** INFORMATION PROVIDED follows **

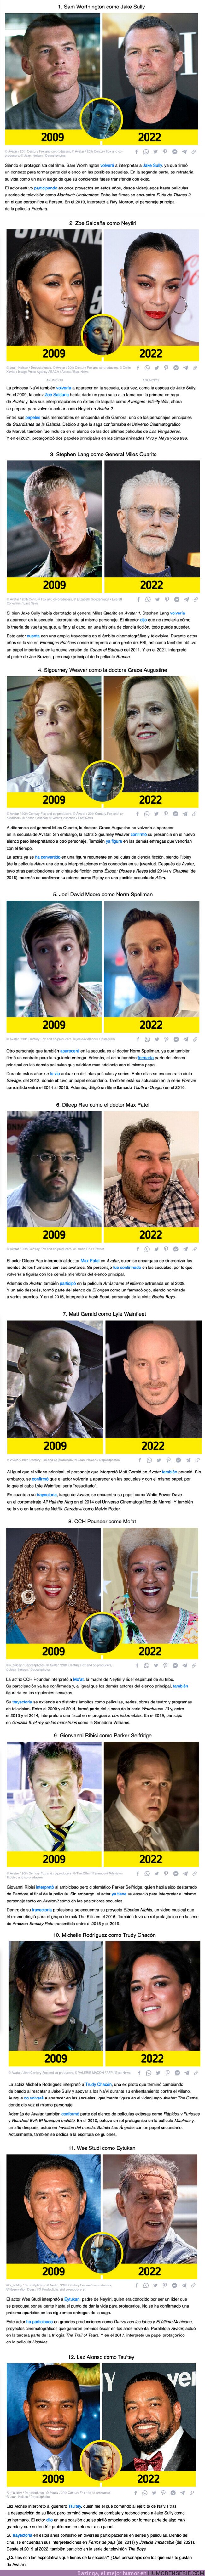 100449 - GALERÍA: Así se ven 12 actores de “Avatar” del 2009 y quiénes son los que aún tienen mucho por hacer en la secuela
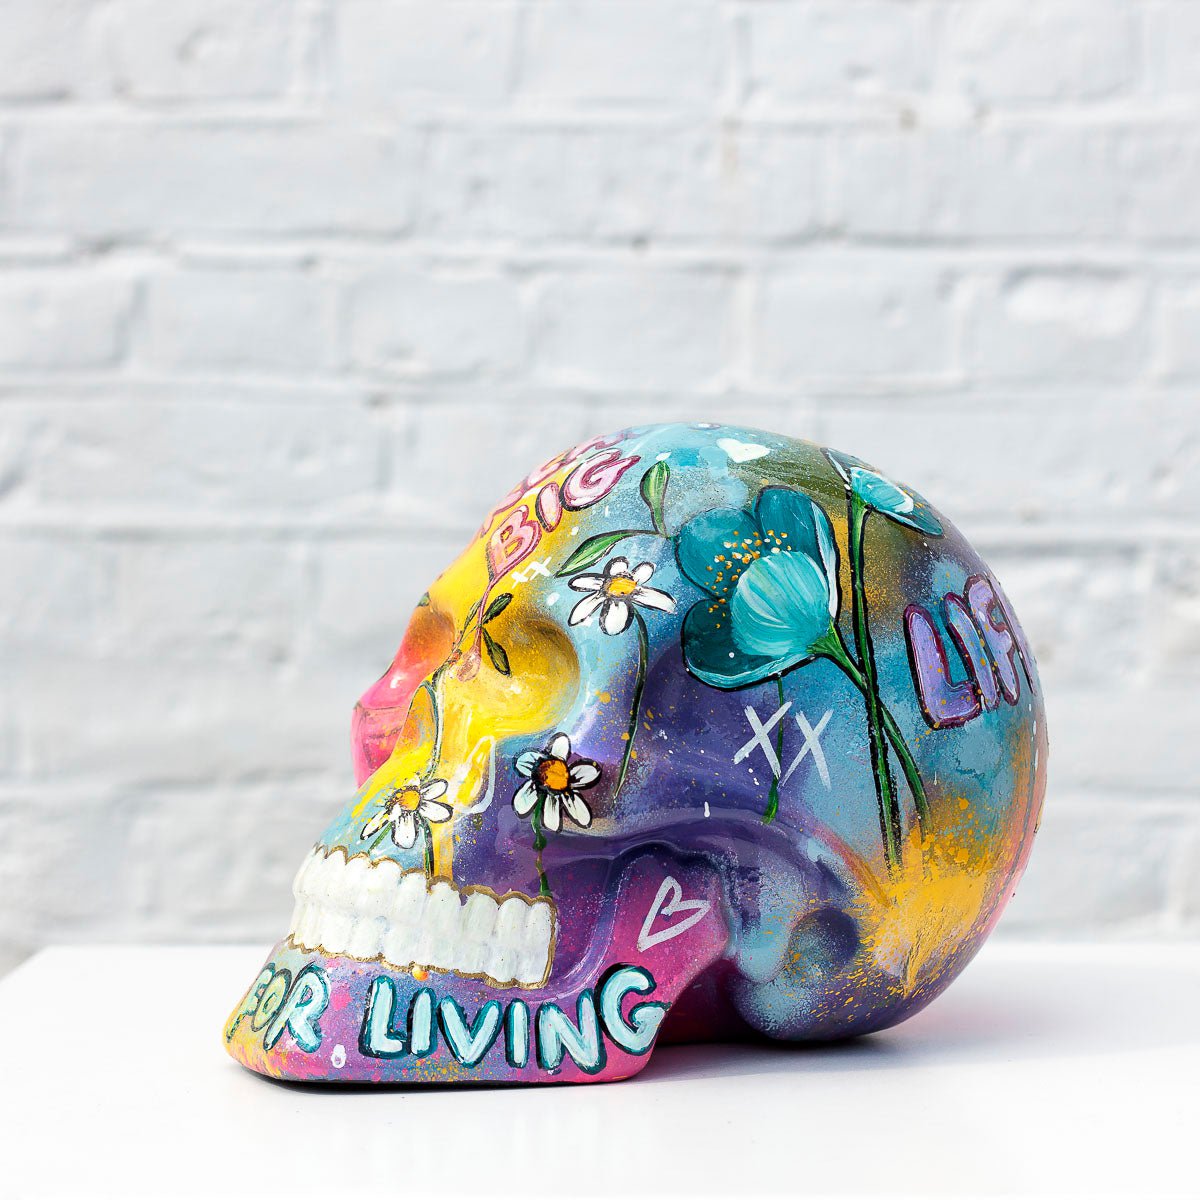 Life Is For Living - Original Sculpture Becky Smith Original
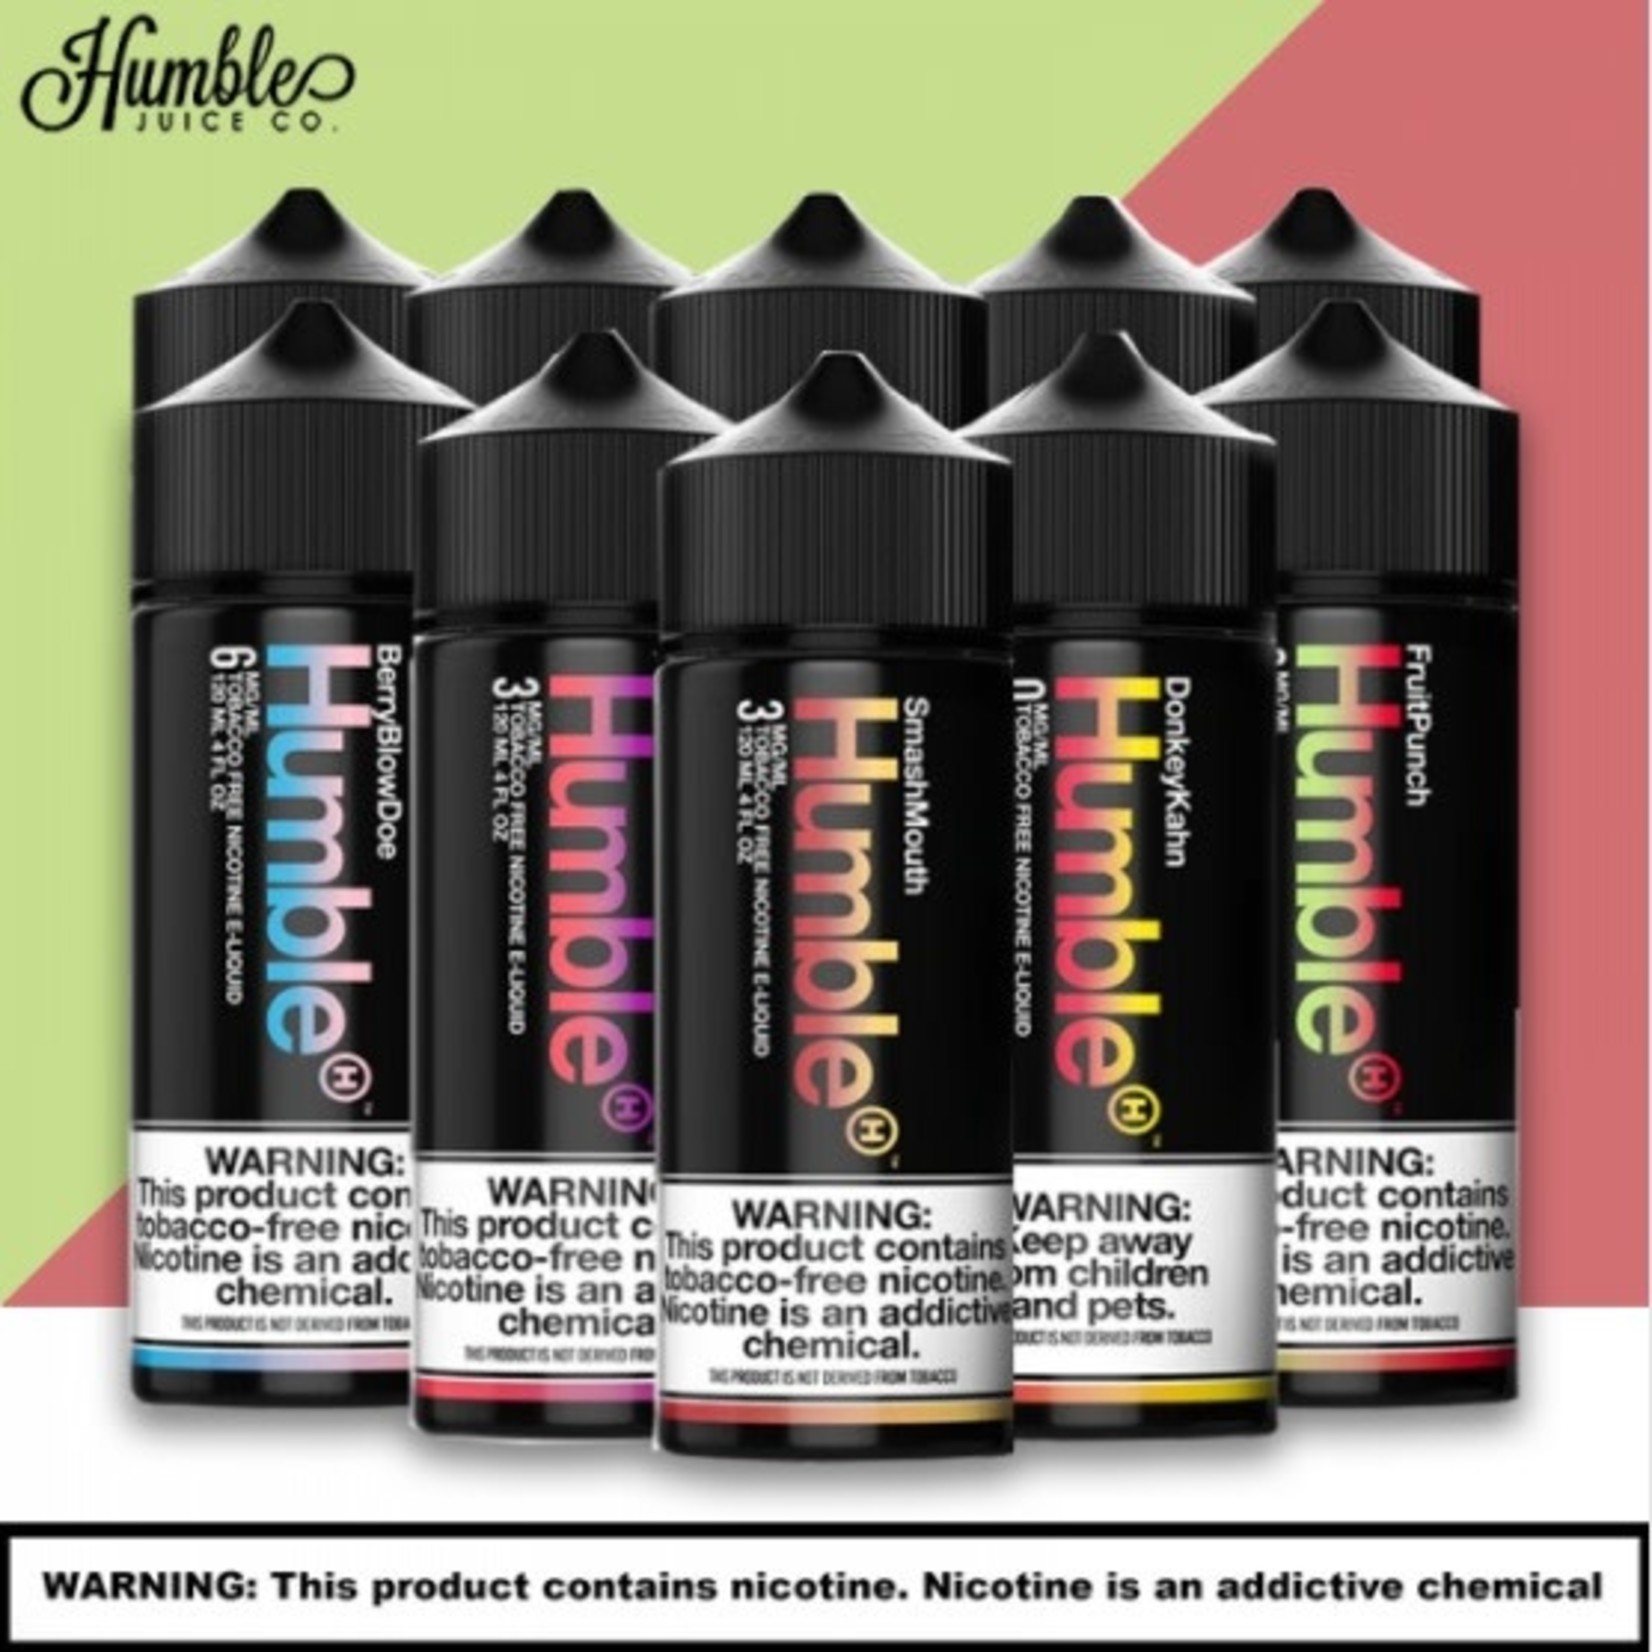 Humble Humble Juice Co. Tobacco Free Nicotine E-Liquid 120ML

** End of INFORMATION PROVIDED **

## TASK STATEMENT
From the first line to the last, please copy the data exactly, with the pictures left out.

## ANSWER BELOW
 100449 - GALERÍA: Así se ven 12 actores de “Avatar” del 2009 y quiénes son los que aún tienen mucho por hacer en la secuela
 Life Is For Living - Original Sculpture Becky Smith Original
 Humble Humble Juice Co. Tobacco Free Nicotine E-Liquid 120ML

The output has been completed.